WHAT THE TASK REQUIRES -
Aside from the pictures, copy the listing exactly.

GIVEN DATA -
>>>

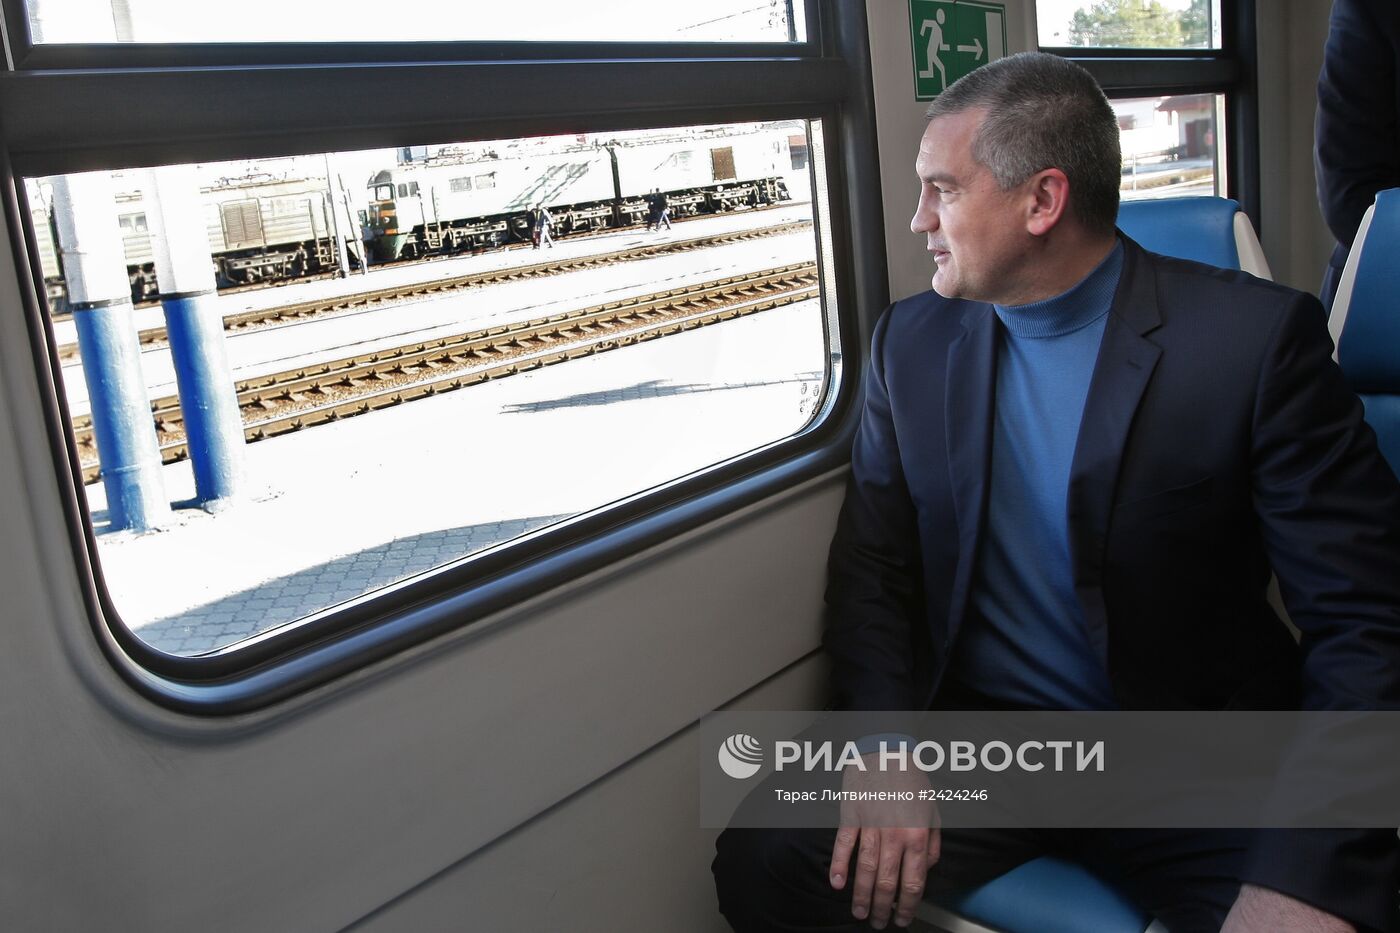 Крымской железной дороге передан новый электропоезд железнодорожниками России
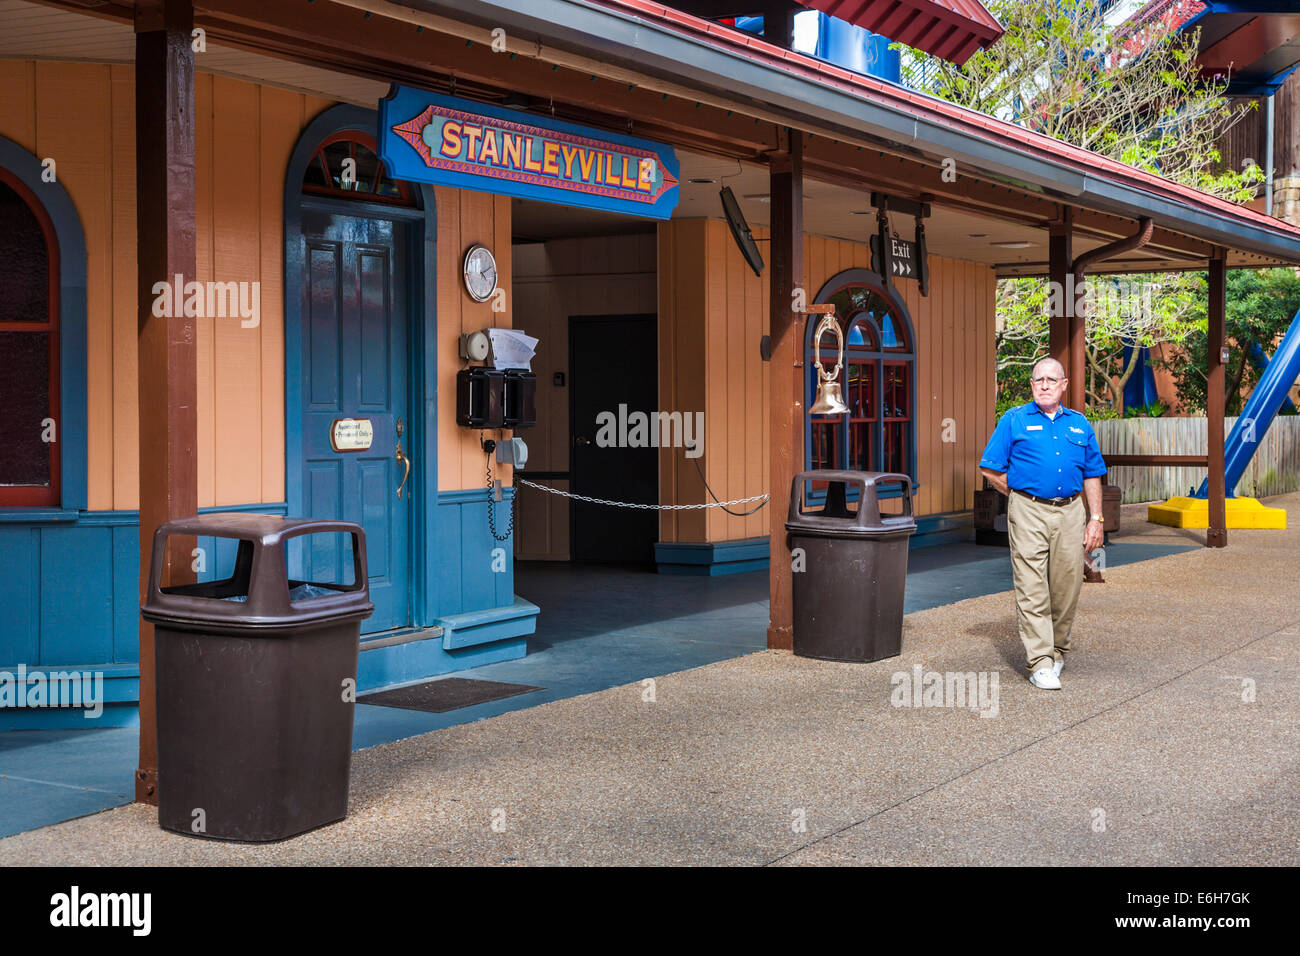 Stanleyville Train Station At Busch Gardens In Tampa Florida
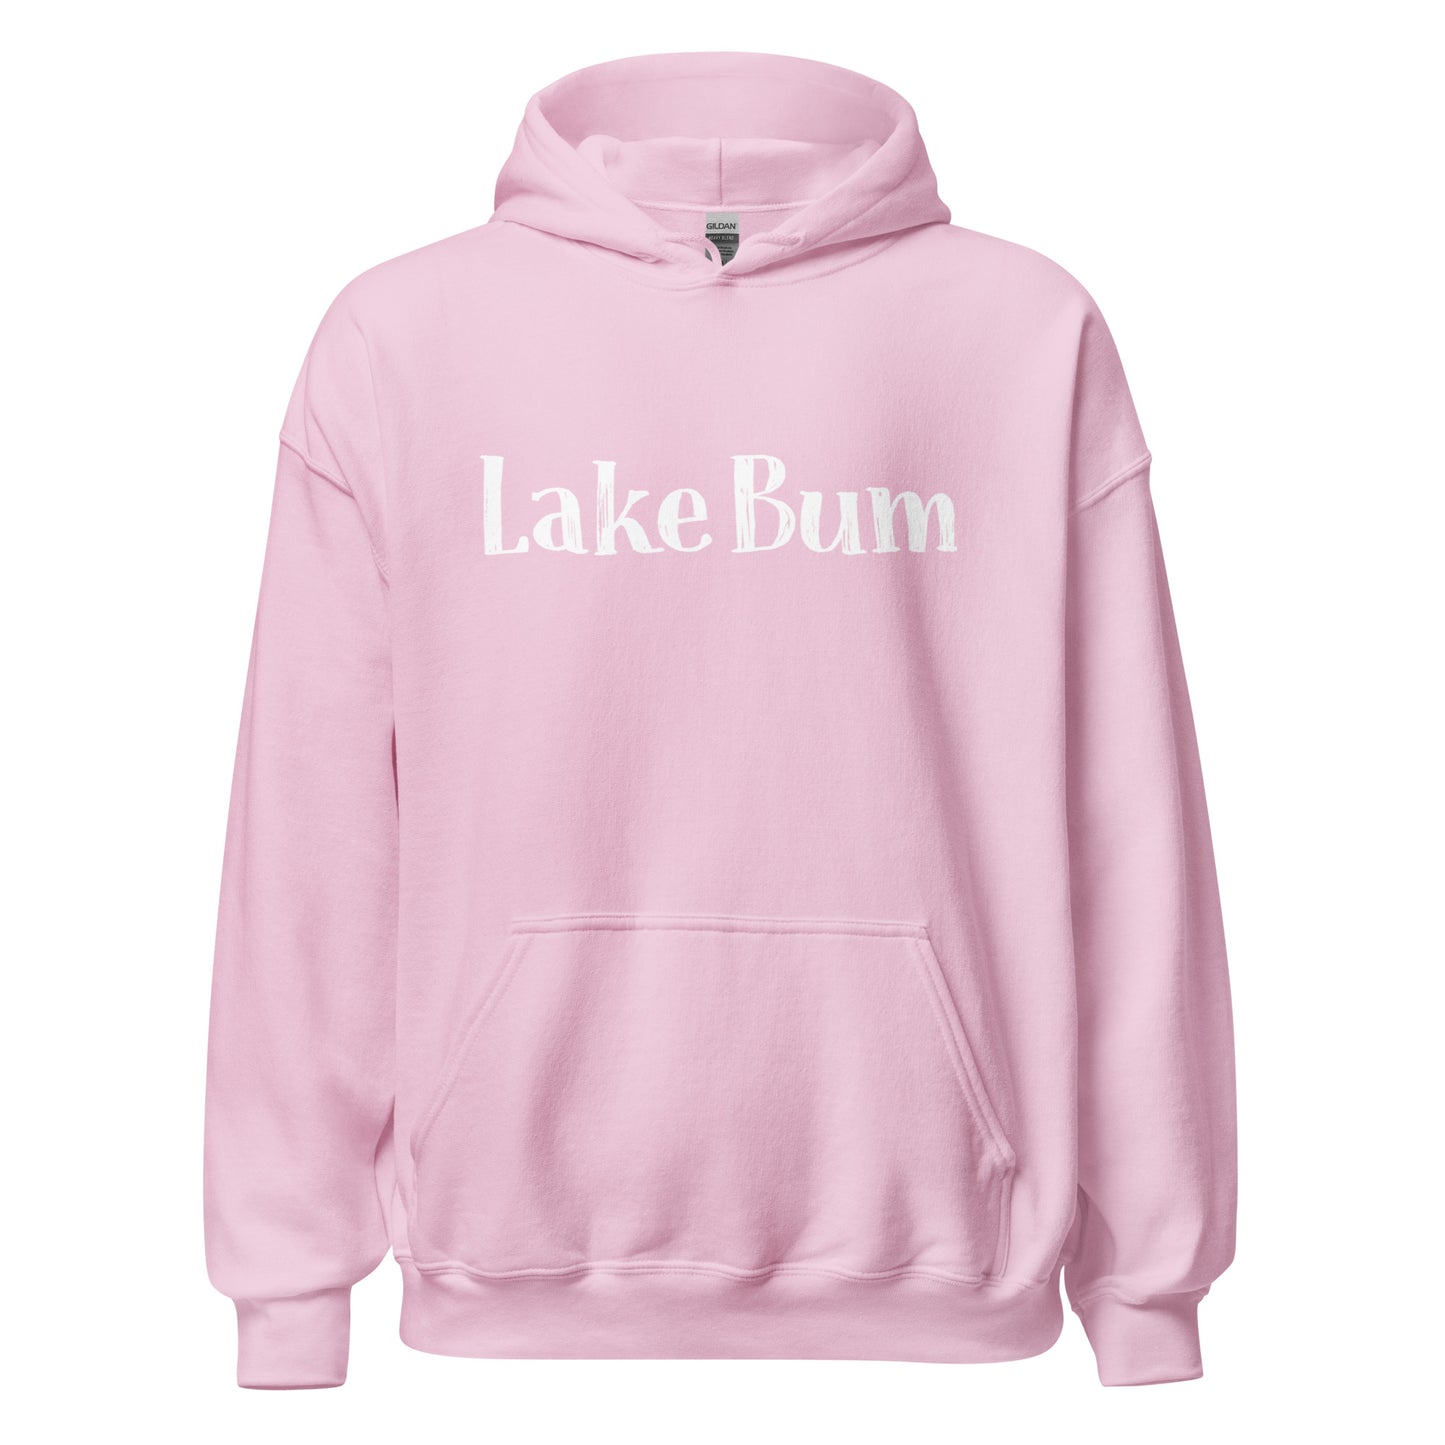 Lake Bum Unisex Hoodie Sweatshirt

<<<

REPLY TO THE EXERCISE -
 Крымской железной дороге передан новый электропоезд железнодорожниками России
 Stanleyville Train Station At Busch Gardens In Tampa Florida
 Lake Bum Unisex Hoodie Sweatshirt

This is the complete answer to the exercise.